Quote Originally Posted by [b
Quote[/b] (Beorhtwulf @ July 25 2004,15:43)]Massive garrissons are usually pointless and costly. The only garrisson size that matters is the 100 troop garrisson. Anything above this is only useful for holding down a recently conquered disloyal province to stop it revolting while it adjusts to your rule. Once you've occupied for a few years the population will adjust (and the religion if necessary). This isn't due to the actual size of the garrisson you had there, it's due to your actual occupation of the province. More troops does not increase loyalty any faster, you have to keep them loyal with a large garrissons presence as well as spies and any loyalty improving buildings.

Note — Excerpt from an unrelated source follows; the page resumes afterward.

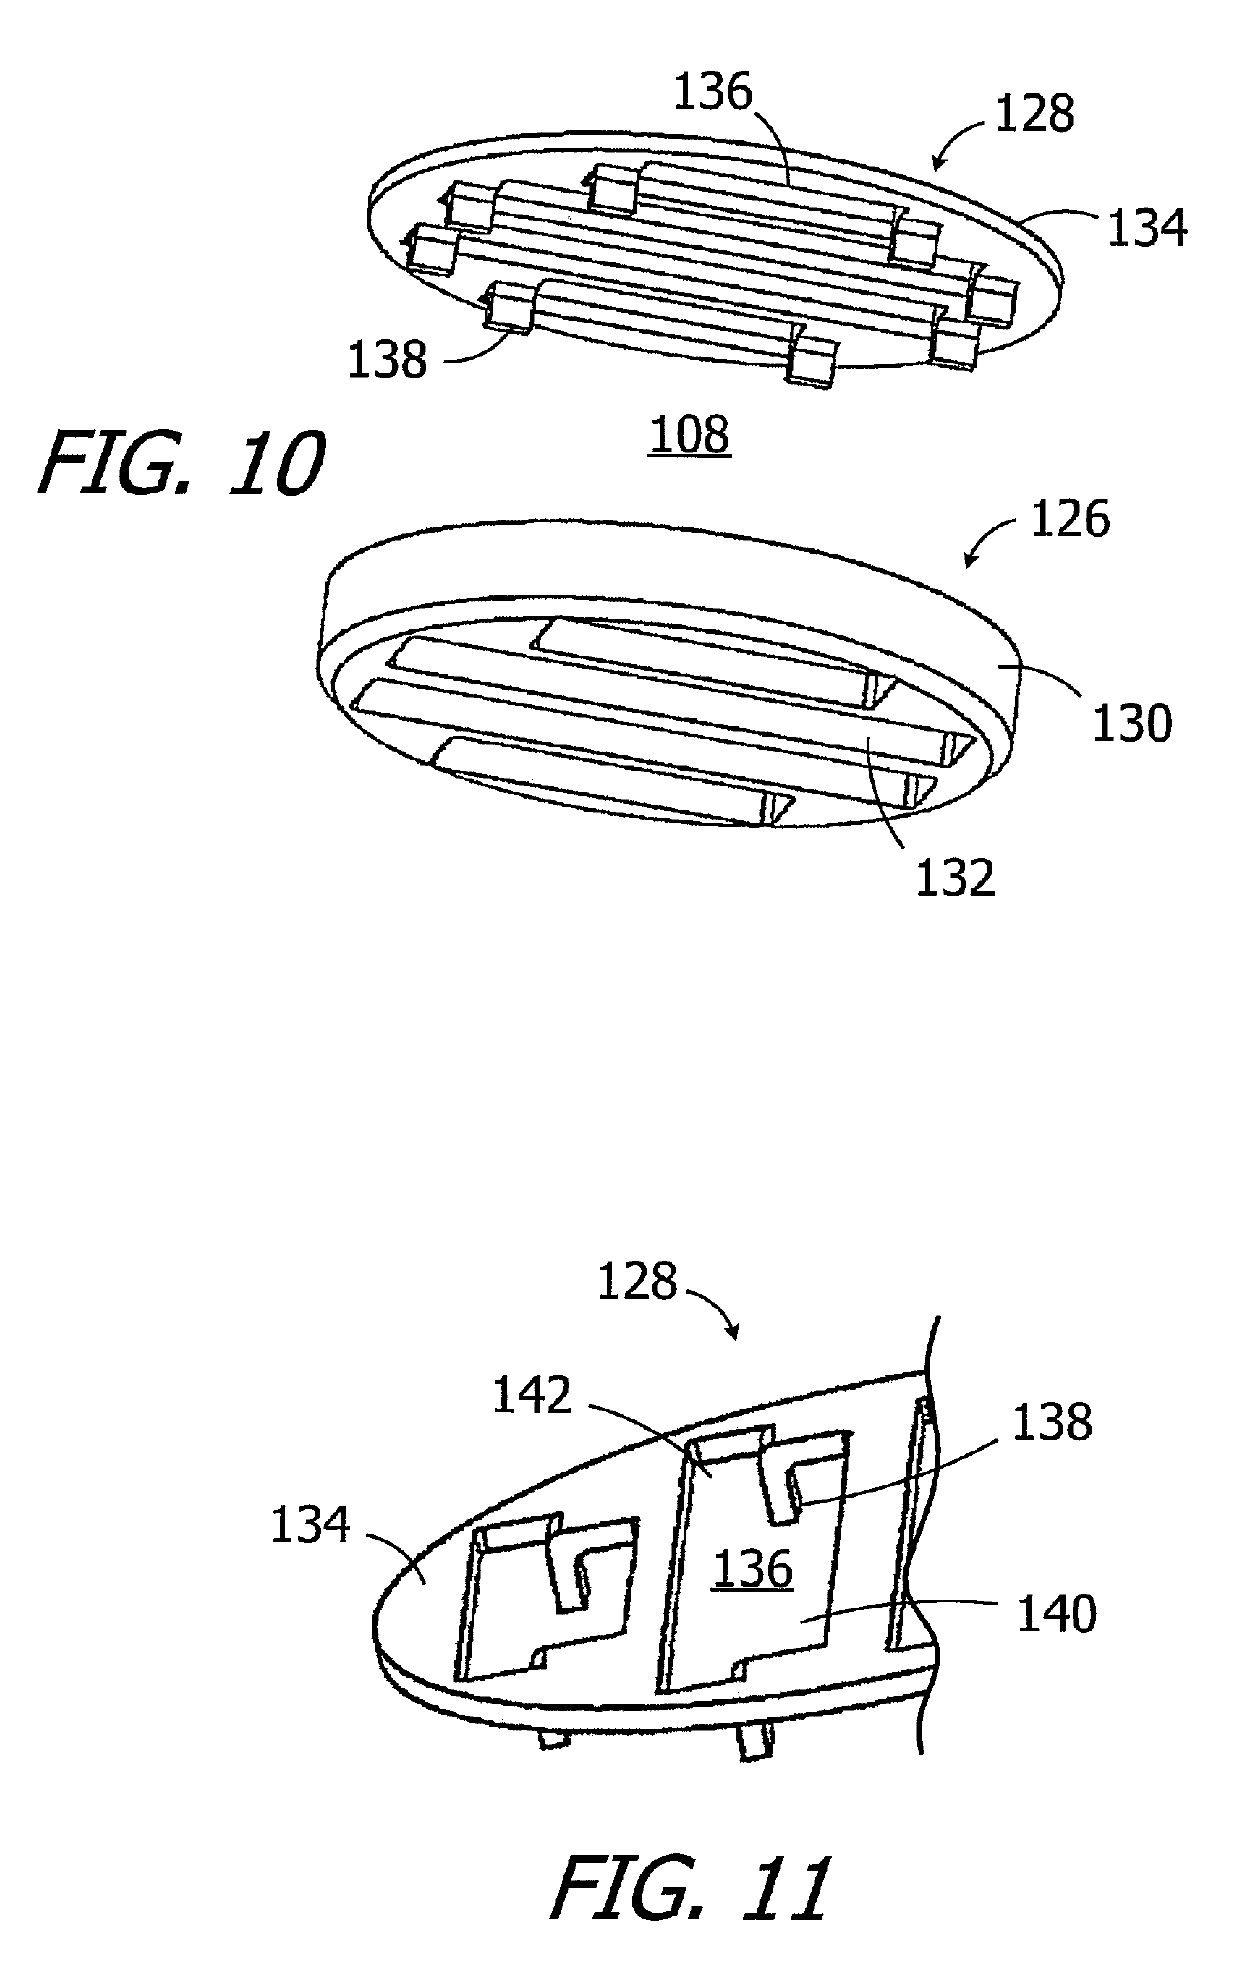 Cochlear implants having MRI-compatible magnet apparatus and associated methods

the 100 garrison is pretty much a standard. You do need it because otherwise you will get the bandit type of rebellion, IIRC.
You may need bigger garrisons for the more rebellious provinces, and for deep in-land provinces (distance from the king is very important).
But more troops sure DO increase loyalty. That is exactly how you maintain a decent level of loyalty when you conquer a province: put a lot of troops in there, until they get used to it and you don't need as many troops. But for the initial period (which varies a lot from case to case, as Sociopsychoactive well pointed), that is practically the ONLY way to boost loyalty: lots and lots of troops (peasants are as good as anything else).

And btw, there seems to be a lot of confusion about the loyalty threshold.
You need it above 100% to prevent all but one kind of rebellions: re-emergences. For that, you need it to be above 120%. Pre-VI autotax is set to 100%; VI sets it such that loyalty is always above 120%.